From George Henslow   2 December 1865

10 South Crescent | Bedford Sq; | W.C.

Dec 2/65

My dear Sir,

I have been very remiss in not writing to thank you for your last interesting letter;1 but I have been so much engaged since then that I have not had even time to write: in fact I have been engaged in writing a resumé of your deeply interesting paper on tendrils &c. for the “Popular Science Review”, & had only a short time to do it in.—2 It has so greatly interested me that I quite long to see the plants themselves; & therefore I am going to make the request for you to allow me to run down to Bromley & give myself the pleasure of calling on you: I am afraid I must however wait until January,3 as being engaged in my school (of wh. I beg to enclose a Prospectus)4 I cannot get away till then: but if you are at home at that period I would I assure you, esteem it a great favour to be allowed to examine the plants in situ.

Very many thanks for your offer of Sprengel’s work:5 I will see if it is in the Linnæan Library or British Museum   if not perhaps I may be allowed to borrow yours: but I do not like to put you to any inconvenience

I read your note on Medicago lupulina in conjunction with mine on M. sativa &c at the Linnæan (last meeting)6   It seemed to create interest

I should feel very much obliged if you will allow me to keep the printed paper on the Kidney beans 7 & to accept your offer as it will be very useful to me in Botanical teaching; for I am glad to get any illustrations pictures &c. or printed matter, for my “Instructional Herbarium”; originated by my father & now proving invaluable to me: i.e. a Herbarium with the addition of drawings of dissections of some 1 or more plant of every order, with morphological monstrosities Diagrams &c … interspersed for the purpose of teaching Botany in a School or in private lessons, which I am now doing,—having a class every Saturday Evening; as well as in my own school.—8

Have you ever examined Crocus to see if it requires intercrossing; I have often suspected it, & mean—as far as I can in London—to try a few experiments this spring.

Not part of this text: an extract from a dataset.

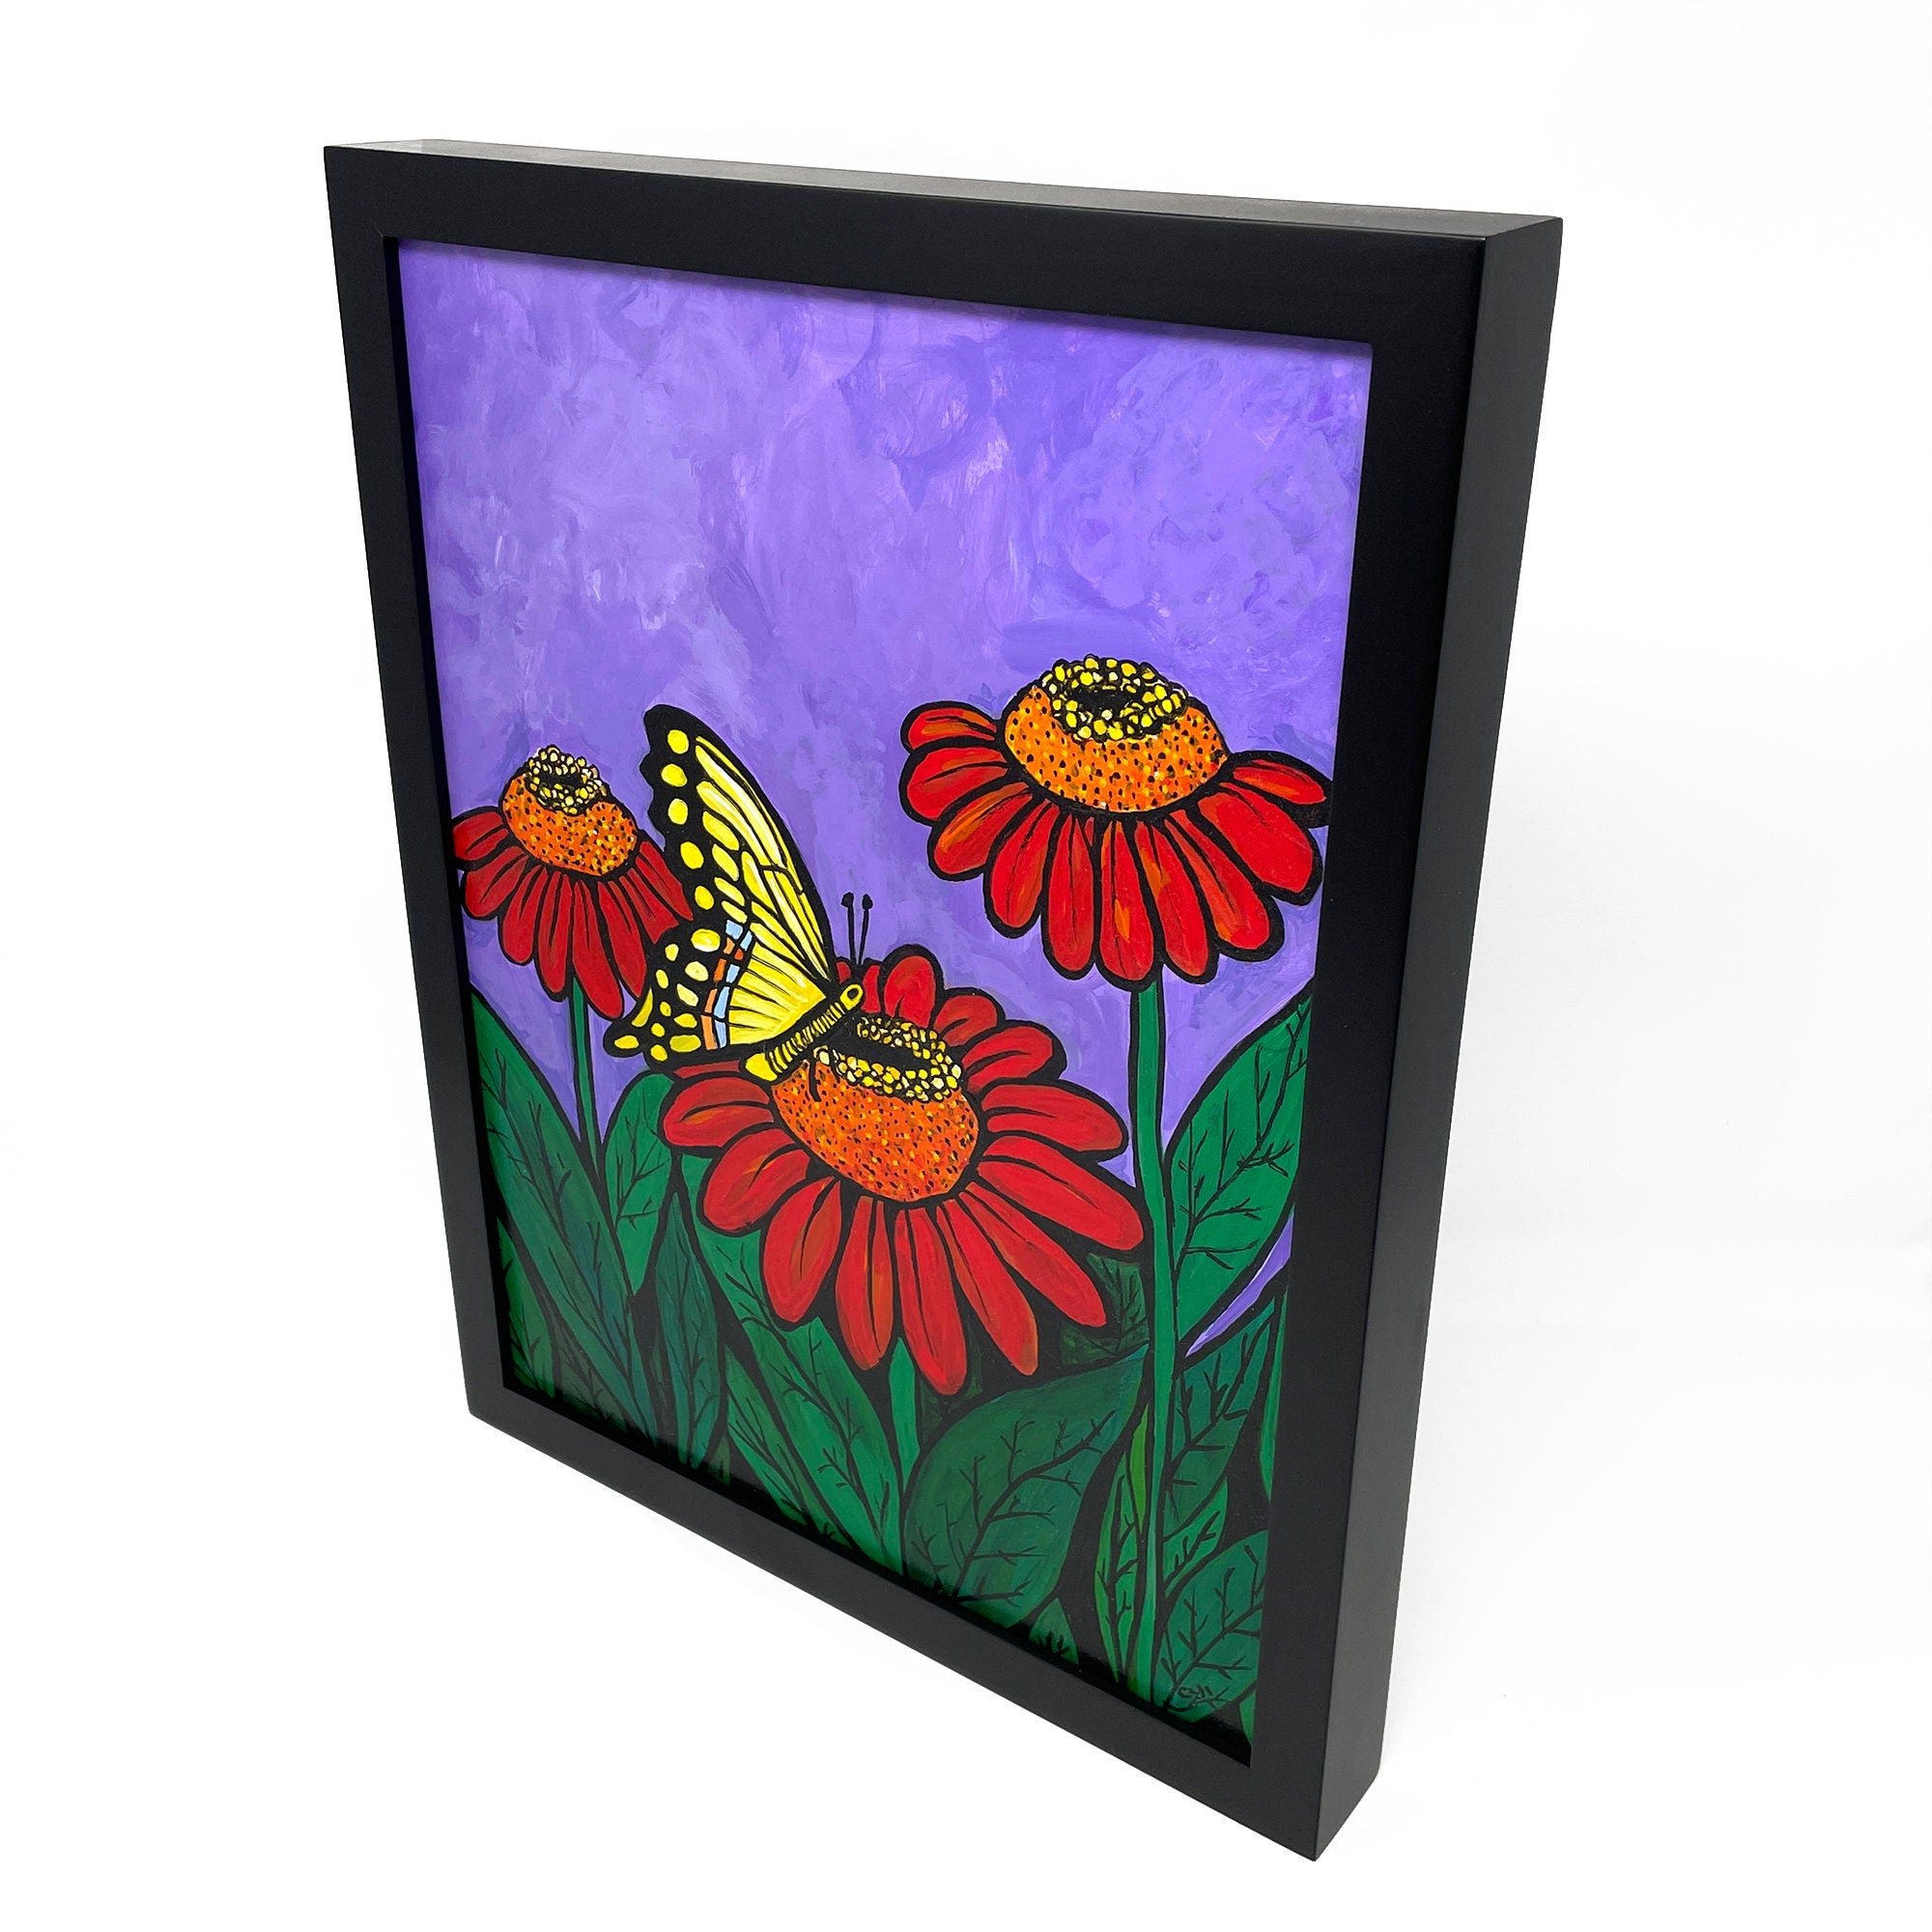 Original Swallowtail Painting - Colorful Swallowtail Butterfly with Zinnia Flowers - Framed Acrylic Painting - Pollinator Art - 11x14

The method pursued by bees is admirably adapted for the purpose which only requires proving.9

Hoping you are in better health, | Believe me | Dear Sir, | Yours very Sincerely | Geo. Henslow

Footnotes

CD’s letter to Henslow has not been found.
Henslow’s summary of ‘Climbing plants’ appeared in the January 1866 issue of Popular Science Review, pp. 55–65.
According to Emma Darwin’s diary (DAR 242), George Henslow did not visit Down until 2 April 1866.
Henslow was headmaster of the Grammar School, Store Street, London (Alum. Cantab.). The prospectus has not been found in the Darwin Archive–CUL.
CD had sent Henslow his paper ‘On the agency of bees in the fertilization of papilionaceous flowers, and on the crossing of kidney beans’. See letters from George Henslow, 1 November 1865 and n. 9, and 6 November 1865.
George Henslow’s father, John Stevens Henslow, had actively promoted the use of drawings and diagrams, in conjunction with herbaria, in the teaching of botany (see Russell-Gebbett 1977, pp. 42–66, and Walters and Stow 2001, pp. 62, 240–2). Copies of his teaching materials, developed for school-children at Hitcham, Suffolk, where he was rector, were specially commissioned by the Department of Science and Art and exhibited in the South Kensington Museum. He also wrote a pamphlet on the use of illustrations for elementary instruction in botany (J. S. Henslow 1858). George Henslow had assisted his father in teaching in Hitcham, and was called upon in 1864 by Rugby school to prepare herbaria and diagrams for a new botany course, the syllabus of which was designed by Joseph Dalton Hooker (see Russell-Gebbett 1977, p. 67). On the use of illustrations in botanical education in early Victorian Britain, see A. Secord 2002.
No record that CD experimented with Crocus has been found; however, in a letter to the plant hybridiser William Herbert, 26 June 1839 (Correspondence vol. 2), CD stated his belief in the necessity of occasional intercrossing between individuals, and asked whether insects, ‘by using force with their jaws’, could carry pollen from one Crocus flower to another of the same species. George Henslow had expressed interest in the floral mechanisms that favoured intercrossing in the Leguminosae, noting that Crocus afforded an example of cross-pollination by means of bees (see letter from George Henslow, 1 November 1865 and nn. 6 and 8). No record has been found of the results of experiments by Henslow on Crocus.

Bibliography

Alum. Cantab.: Alumni Cantabrigienses. A biographical list of all known students, graduates and holders of office at the University of Cambridge, from the earliest times to 1900. Compiled by John Venn and J. A. Venn. 10 vols. Cambridge: Cambridge University Press. 1922–54.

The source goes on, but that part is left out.